Solen Feyissa | Flickr

The U.S. House of Representatives passed a bill on March 13 that could ban TikTok in the United States.

A 13-page proposal urged the parent company Beijing ByteDance Technology Co. to sell its American operations of TikTok to a non-Chinese owner, otherwise it would be effectively banned in the United States, prohibiting app stores from hosting TikTok and other apps that are linked to ByteDance.

The bill passed in the House with 352 to 65 votes, with one member voting present. It has yet to pass in the Senate.
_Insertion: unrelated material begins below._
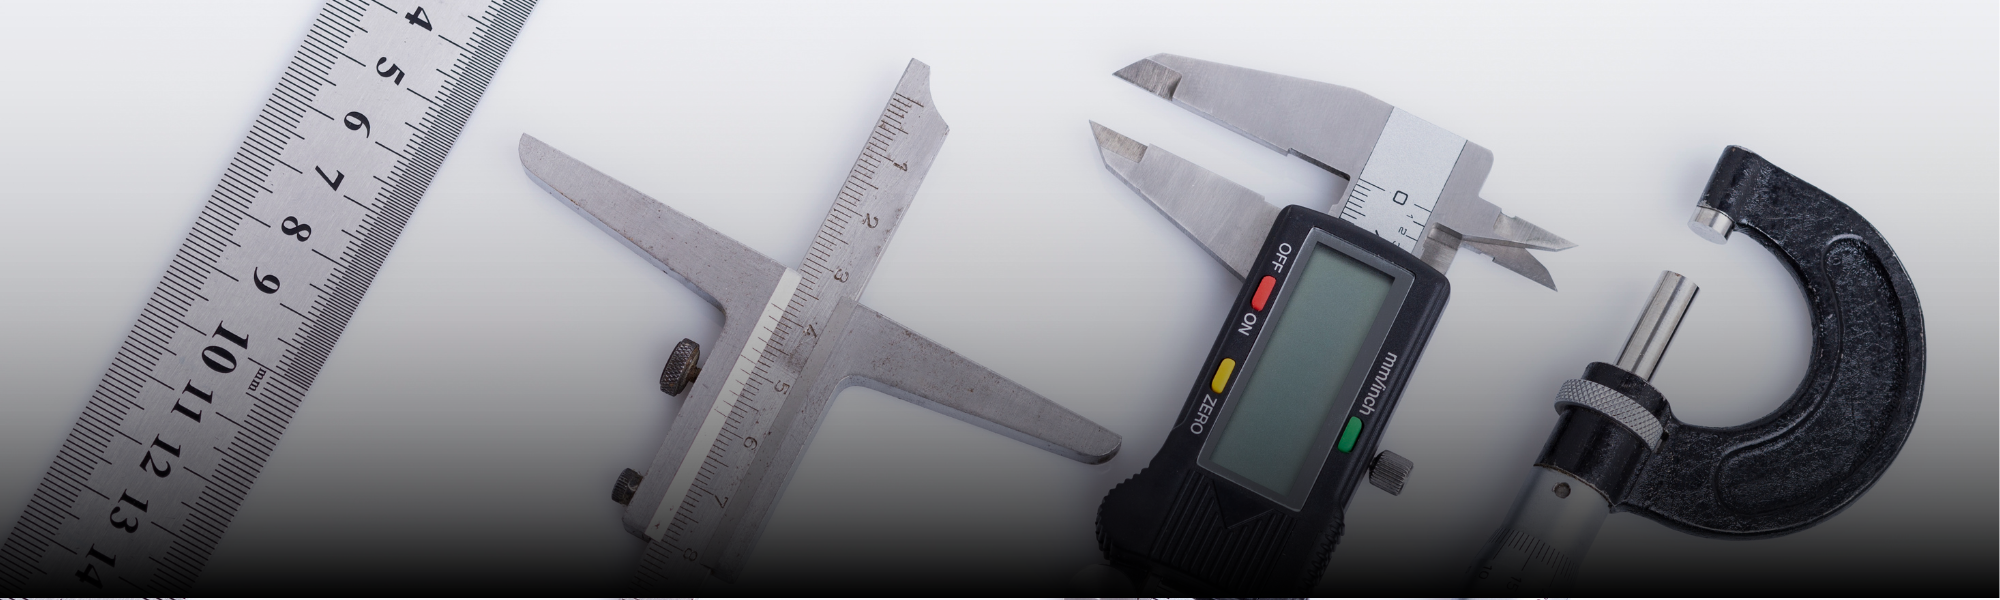 Inaccurate Results and Three Other Signs Your Equipment Needs Calibration

Although President Joe Biden expressed he would sign the bill into law if passed, it was met with a difference of opinions. Some argued the ban would hurt American users, pushing them to use alternative methods to access the platform or use similar ones that give more business to companies like Meta Platforms Inc. and Snap Inc. which already dominate the social media market.
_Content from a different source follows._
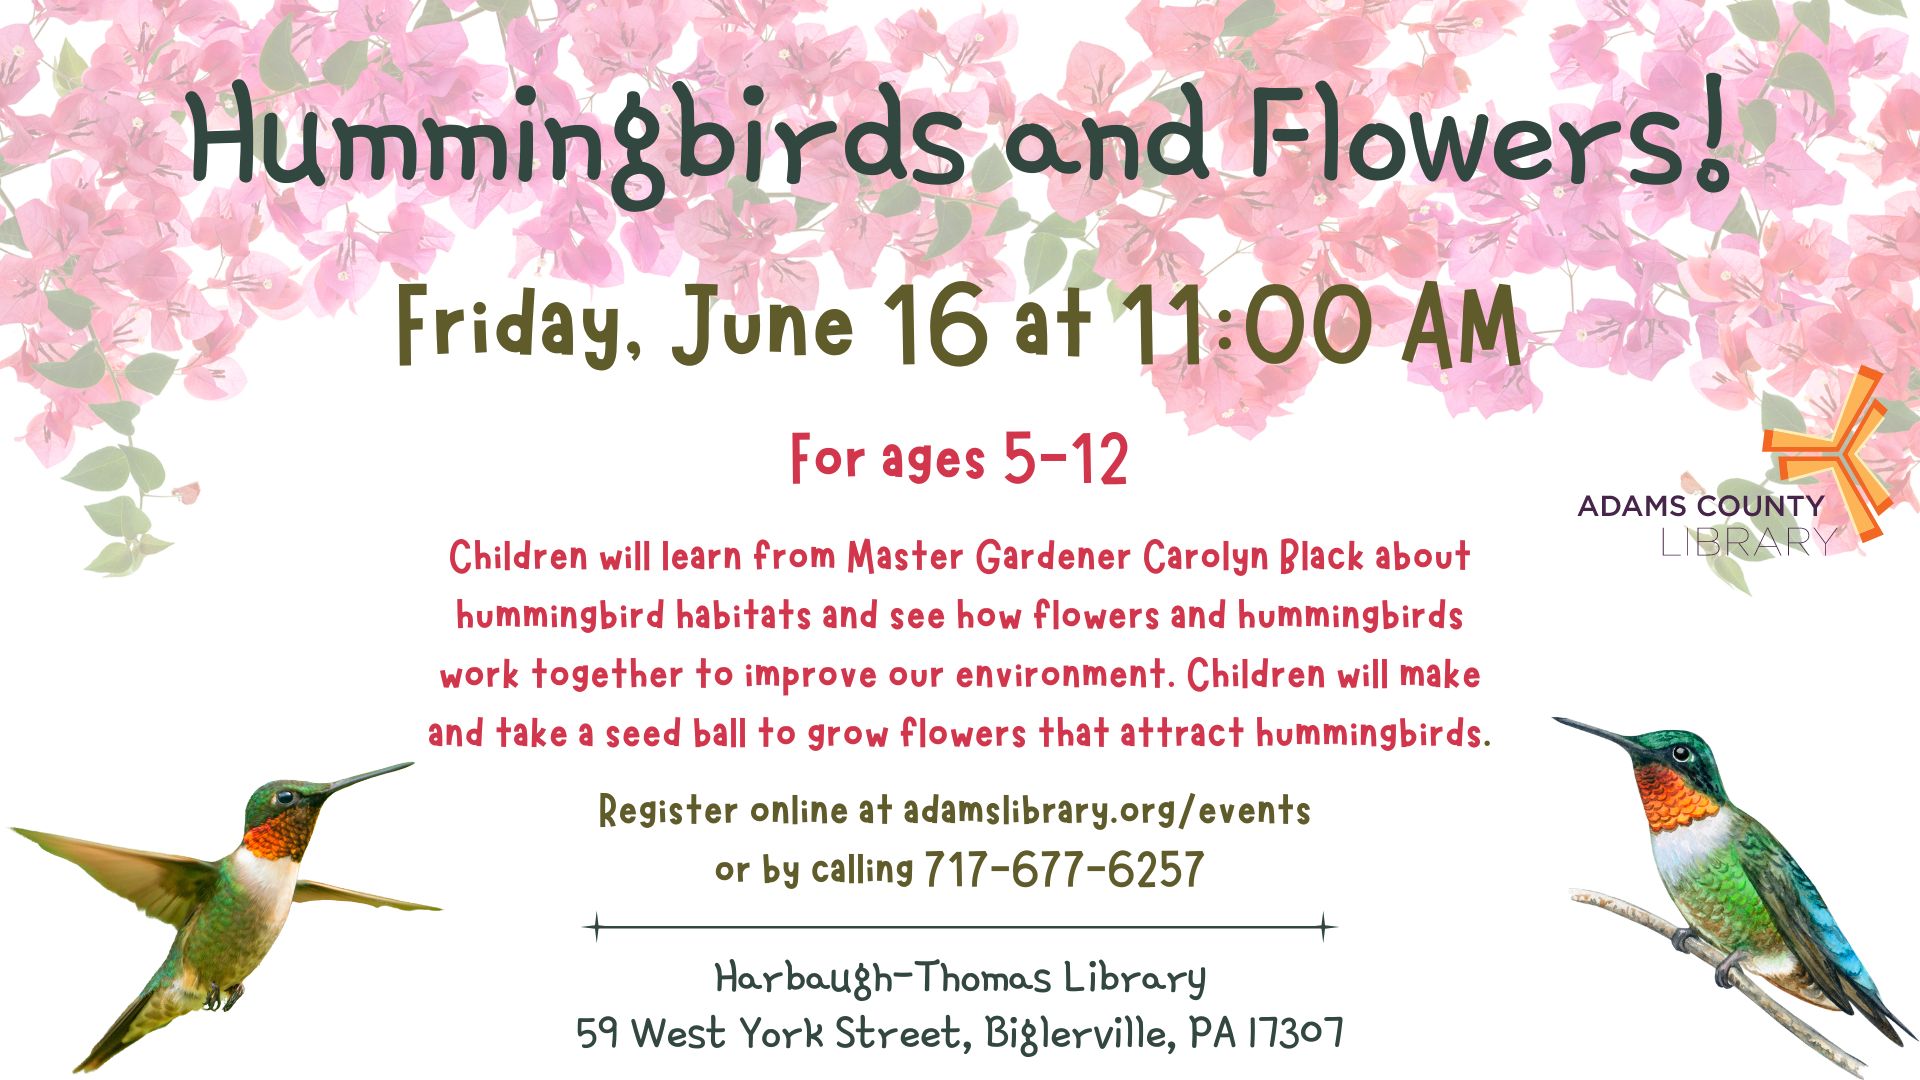 Hummingbirds and Flowers Friday June 16 at 11:00 AM

On the other hand, there are privacy and data collection concerns because the company is based in Beijing. The United States’ foremost economic competitor, American legislators also pointed to TikTok’s wide user base and the accompanying risk of the Chinese Communist Party holding sway over the political opinions of young Americans.
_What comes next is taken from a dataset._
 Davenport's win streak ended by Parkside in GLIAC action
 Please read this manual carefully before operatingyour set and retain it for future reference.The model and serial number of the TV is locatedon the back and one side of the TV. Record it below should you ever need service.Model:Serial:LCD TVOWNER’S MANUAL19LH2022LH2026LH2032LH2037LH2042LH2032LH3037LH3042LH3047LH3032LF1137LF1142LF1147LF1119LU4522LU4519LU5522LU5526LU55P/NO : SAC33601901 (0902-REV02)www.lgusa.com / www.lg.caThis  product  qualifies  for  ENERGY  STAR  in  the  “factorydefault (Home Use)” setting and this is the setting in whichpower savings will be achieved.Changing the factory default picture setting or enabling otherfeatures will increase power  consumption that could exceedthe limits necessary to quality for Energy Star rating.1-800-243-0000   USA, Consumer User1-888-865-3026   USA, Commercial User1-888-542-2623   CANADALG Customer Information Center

In 2023, TikTok rolled out Project Texas, a massive corporate restructuring to earn the trust of American users. It was done in the wake of former President Donald Trump’s executive order in the summer of 2020.

A designated website called TikTok U.S. Data Security outlined the company’s commitment to U.S. national security, saying the American user experience is a “protected environment designed to safeguard you and your data.”

Project Texas cost the company more than $1.5 billion to secure and store data on Oracle Corporation’s servers on American soil to protect privacy from outside influence, but since then TikTok has been banned on government devices as well as in the military. It is also banned in China itself.

A poll conducted by John Della Volpe from SocialSphere Inc. found  53% of Gen Z users — the primary users of the platform — are not in favor of the ban while 49% of millennials, who more often use platforms like Instagram and Facebook, do support the bill while only 34% do not.

Civil liberty organizations such as American Civil Liberties Union and the Knight First Amendment Institute have opposed the measure over concerns it would violate first amendment rights.

 “It could be a slippery slope,” Dan Ives, a security analyst from Wedbush Securities, said. “We should worry about retaliatory measures here from China. It could affect Tesla and Apple companies in China. It could have massive implications.”

Sen. Daniel Crenshaw from Texas offered an opposing view on the Senate floor.

“TikTok is owned by ByteDance, ByteDance is in China and when you are in China you do everything the Chinese party asks you to do,” he said. “If they want you to spy for them, you spy. That’s how that works… The first amendment does not give the Chinese communist party the right to American data or the right to manipulate the minds of Americans.”

U.S. TikTok CEO Shou Zi Chew released a video following the news calling the vote “disappointing” and thanking the community for their support, reassuring that the popular platform’s security is one of the safest in the market and they will continue to fight to protect the platform.

While U.S. lawmakers continue to debate the issue, over 7 million small businesses and 170 million users face an unknown outcome. If the ban becomes law, TikTok could still pursue legal actions to challenge the ban.